I finally get to see a game. 

Clippers were beaten badly this evening by the Knicks. 

http://www.nba.com/games/20041112/LACNYK/boxscore.html

We are winless of course. 0-3 Clippers are 3-3. One of their wins was @ GS, the other @ Indy. They beat the Pacers bad.Tonights game was the first time they had allowed a team to score 100 pts against them They were averaging, allowing just 86 a game. They score, over 97 a game until this evening. Four of their players are averaging over 15 pts a game each. They do not have much depth. They have five players averaging over 30 minutes a game. That could work to our advantage. 

We are 0-3. We score 90 a game. About the same as we did last year and as of now, we are giving up over 101. We average 20 t/o a game Way to high. However, we make the other team commit over 24 a game. Outstanding. 

Deng is averaging over 20 pts a game. More than any Clipper at this time. Loul is a real find! I am glad we have him. Even though Pax drafted him to trade away, he is not hurting us at all. We have three players averaging over 11 pts a ga,e Hinrich is over 18 and Nocioni is just over 11 a game. Andres is averaging almost 10 boards a game. Deng is just over 7.


----------



## DaBullz

Nice, TBF.

Here's the interesting stats:

Deng shooting 44.8%
Harrington 47.8%
Griffin 47.6%
Chandler 57.1%
AD 67%
Reiner 75%

Yet as a team, we're shooting 37.9%.

Hinrich 35.9%
Nocioni 27.9%
Gordon 31%
Curry 20%
Duhon 12.5%
Piatkowski 25%

In spite of the talk he's a bust, Gordon is averaging 8.7 PPG in just 19.3 Min/Game.


----------



## truebluefan

> Originally posted by <b>DaBullz</b>!
> Nice, TBF.
> 
> Here's the interesting stats:
> 
> Deng shooting 44.8%
> Harrington 47.8%
> Griffin 47.6%
> Chandler 57.1%
> AD 67%
> Reiner 75%
> 
> Yet as a team, we're shooting 37.9%.
> 
> Hinrich 35.9%
> Nocioni 27.9%
> Gordon 31%
> Curry 20%
> Duhon 12.5%
> Piatkowski 25%
> 
> In spite of the talk he's a bust, Gordon is averaging 8.7 PPG in just 19.3 Min/Game.

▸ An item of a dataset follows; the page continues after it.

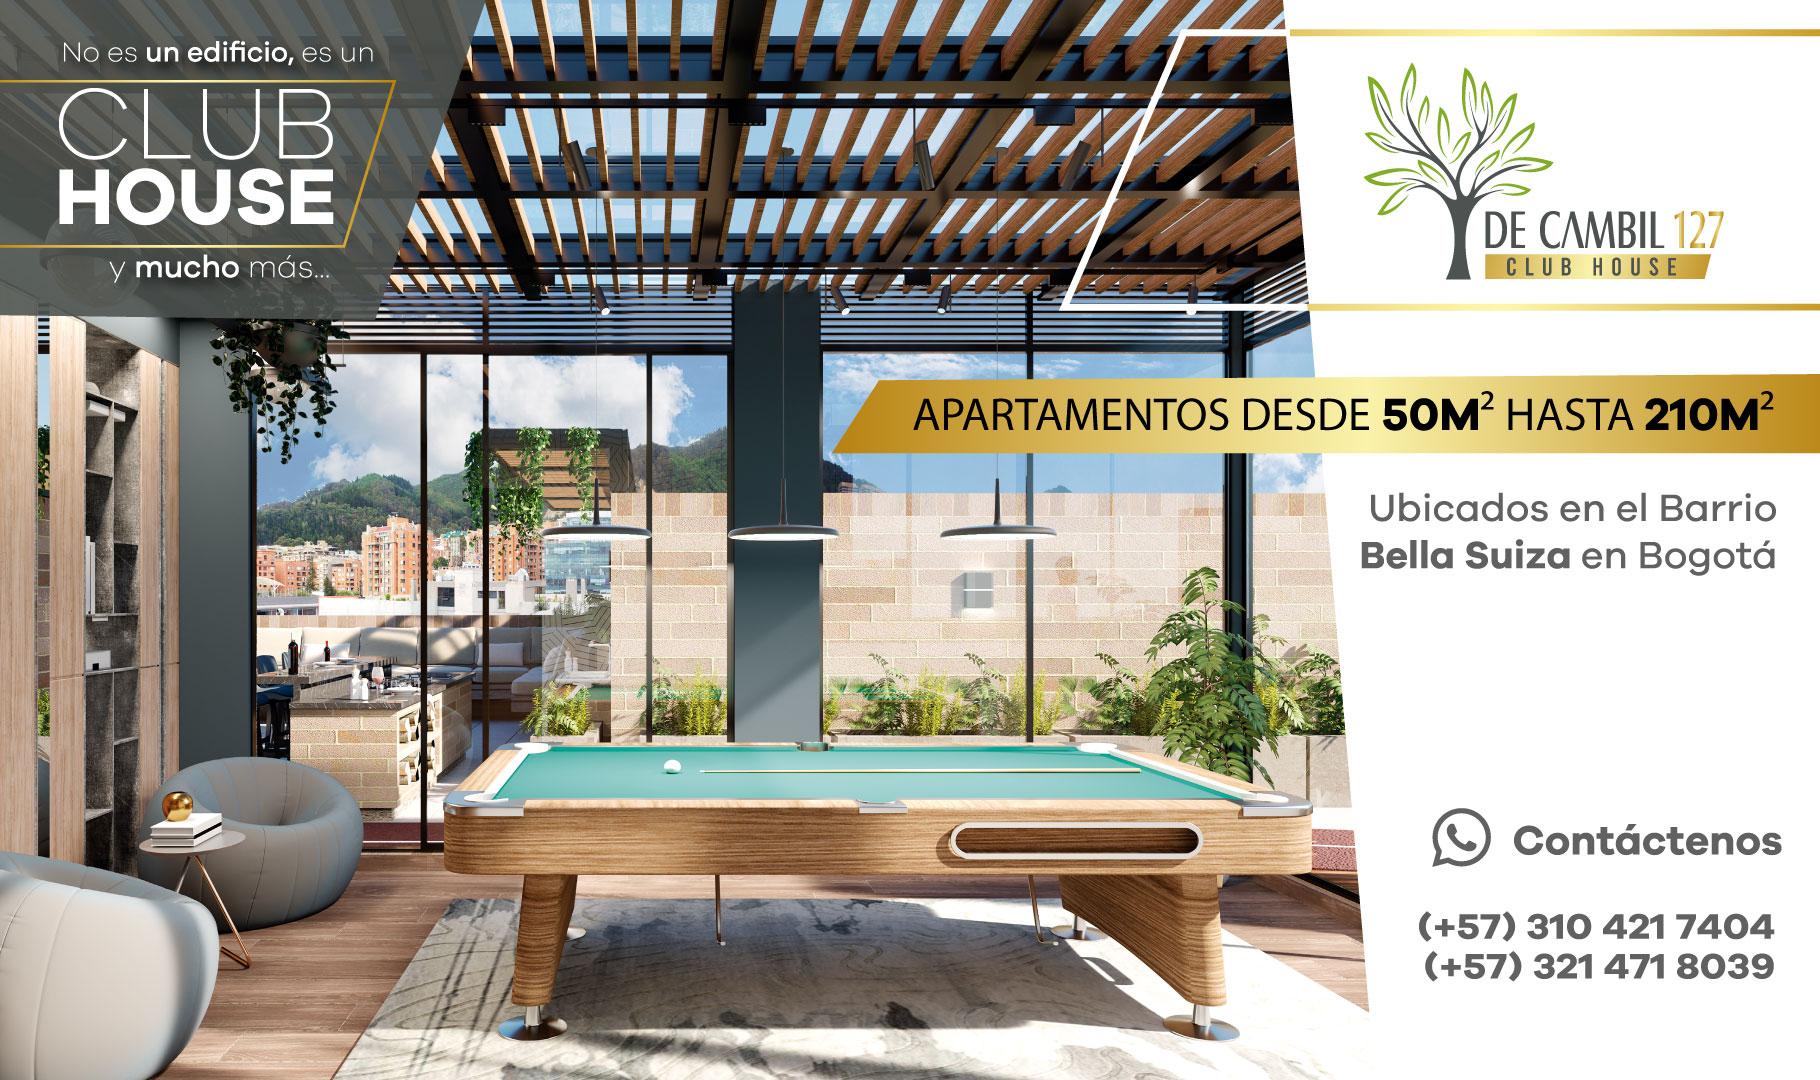 127 club house Bella Suiza Bogotá

You are right. I agree about Gordon. Duhon 13%? Ouch.


----------



## JRose5

I'll call a Bulls win, just because I want to believe that.

I'll say.. 
Bulls 97
Clips 91

Hinrich 19, 6 assists


----------



## TRUTHHURTS

> Originally posted by <b>DaBullz</b>!
> Nice, TBF.
> 
> Here's the interesting stats:
> 
> Deng shooting 44.8%
> Harrington 47.8%
> Griffin 47.6%
> Chandler 57.1%
> AD 67%
> Reiner 75%
> 
> Yet as a team, we're shooting 37.9%.
> 
> Hinrich 35.9%
> Nocioni 27.9%
> Gordon 31%
> Curry 20%
> Duhon 12.5%
> Piatkowski 25%
> 
> In spite of the talk he's a bust, Gordon is averaging 8.7 PPG in just 19.3 Min/Game.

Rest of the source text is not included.